Bloody hell. He was only two years older than Victor. When she’d first seen him she’d thought him much more. Looking at him now, she saw that while his eyes were bright and young, his face had a lived-in, been-there look, whereas Victor’s always looked smooth and pampered. She faltered. “And your wife?”

“Dead.”

“I’m sorry.”

“No need to be. Some time ago now.”

“Have you got children?” She didn’t know what else to say – she was locked into it now, asking inane questions, making conversation.

“Yes, two. It was hard on them when their mother died. Hard to see someone suffer like that.”

“Was it cancer?”

“Yes.”

She wanted to go. His blue eyes made her uncomfortable. But her mug was still full, she’d only been there a few minutes – she didn’t know how to get up and leave.

“So have you always been a sign-writer?” She took another mouthful of tea and smiled.

“No.”

“Chatty, aren’t you?”

He looked at her hard and she felt herself squirm. “The long answers aren’t very entertaining. What about you? Are you married? Do you have children?”
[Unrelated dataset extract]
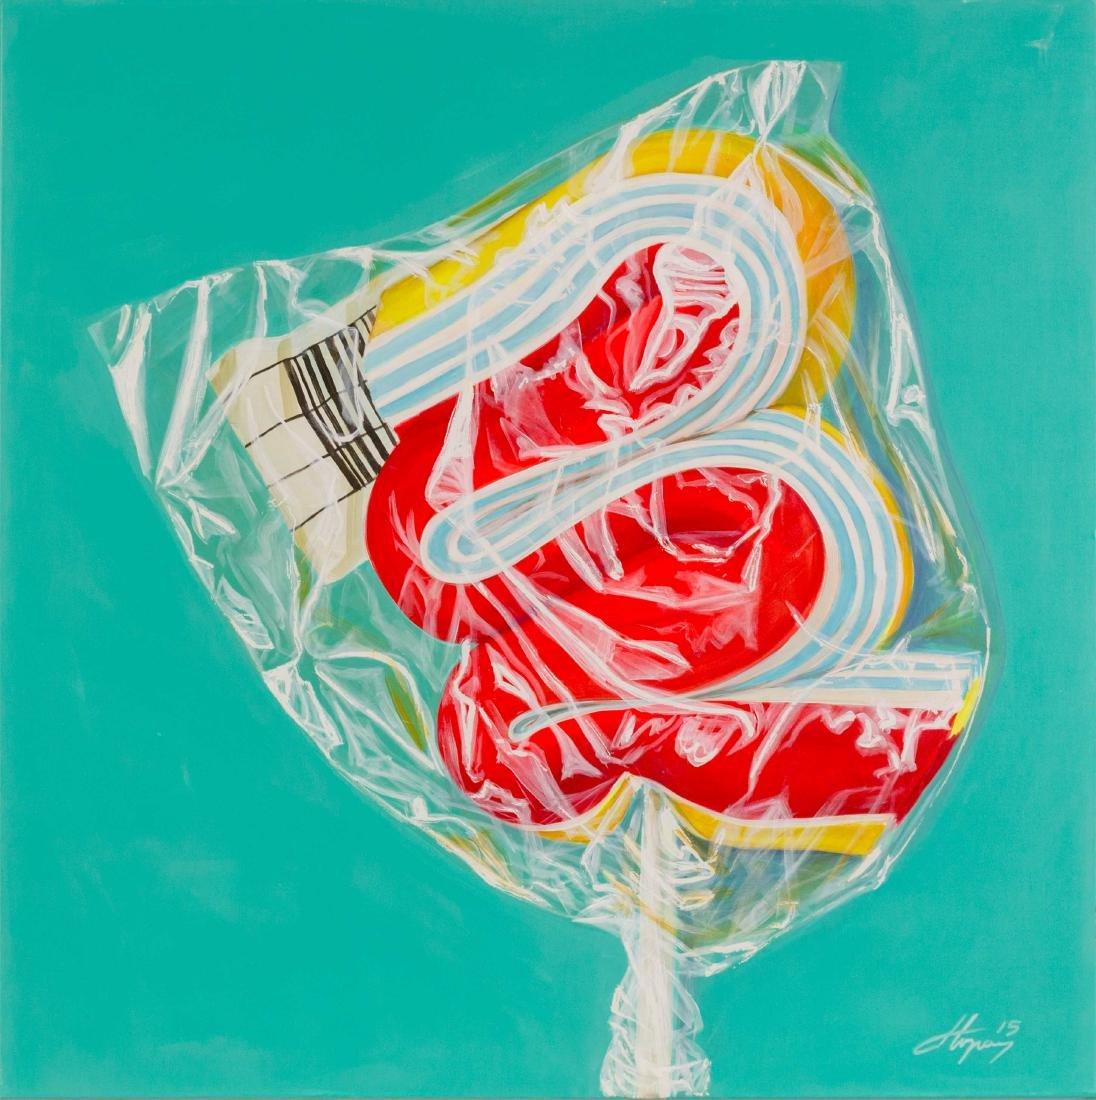 Dorel TOPAN (ROM/1963) Big Candy, 2015 Acrylique sur

She made her voice chirpy. “Yes and no. To both parts of the question. I am married but it doesn’t feel like it. I can’t have children but I have a step-daughter. She’s pregnant.” She didn’t know why she’d told him.

“Is that why you needed a hug?”

He showed no inclination to talk about himself but by the third cup of Darjeeling he knew a lot about her. For all his monosyllabic grunting, he had a way of listening, of looking at her as if what she said mattered. A way of asking the one incisive question that would cut to the heart of the matter. She wouldn’t have believed she could tell a stranger so much. Somehow, barely realising it, she told him there were problems between her and Victor, her feelings about Chloe and Oliver and how, although she’d had loads of casual jobs she’d never really found what you’d call a career, and her new and extraordinary pleasure in buying a share in Greens and being part of something. He nodded.

It was as if, she thought, looking at this strange, remote man in his soft faded clothes and two days of stubble, some curious mixture of sympathy and pain etched on his face, it was as if he cared…

She kissed him when she left. It was what she did. She went into automatic – thanked him for the tea, leant up and kissed his cheek. She would have kissed both of them but she was stalled by his rigid face. He didn’t bend towards her to return the gesture. Just held himself very stiff and straight.

Even his skin felt cool. She stepped back, rebuffed, feeling as foolish as when she’d arrived. Then he touched her arm. “It’s me,” he said. “It’s not you, it’s me.”

She looked at him, confused. Strange words, she thought. As she wandered home along the cliff top, oddly unsettled, she realised they were the very opposite of what Victor would say.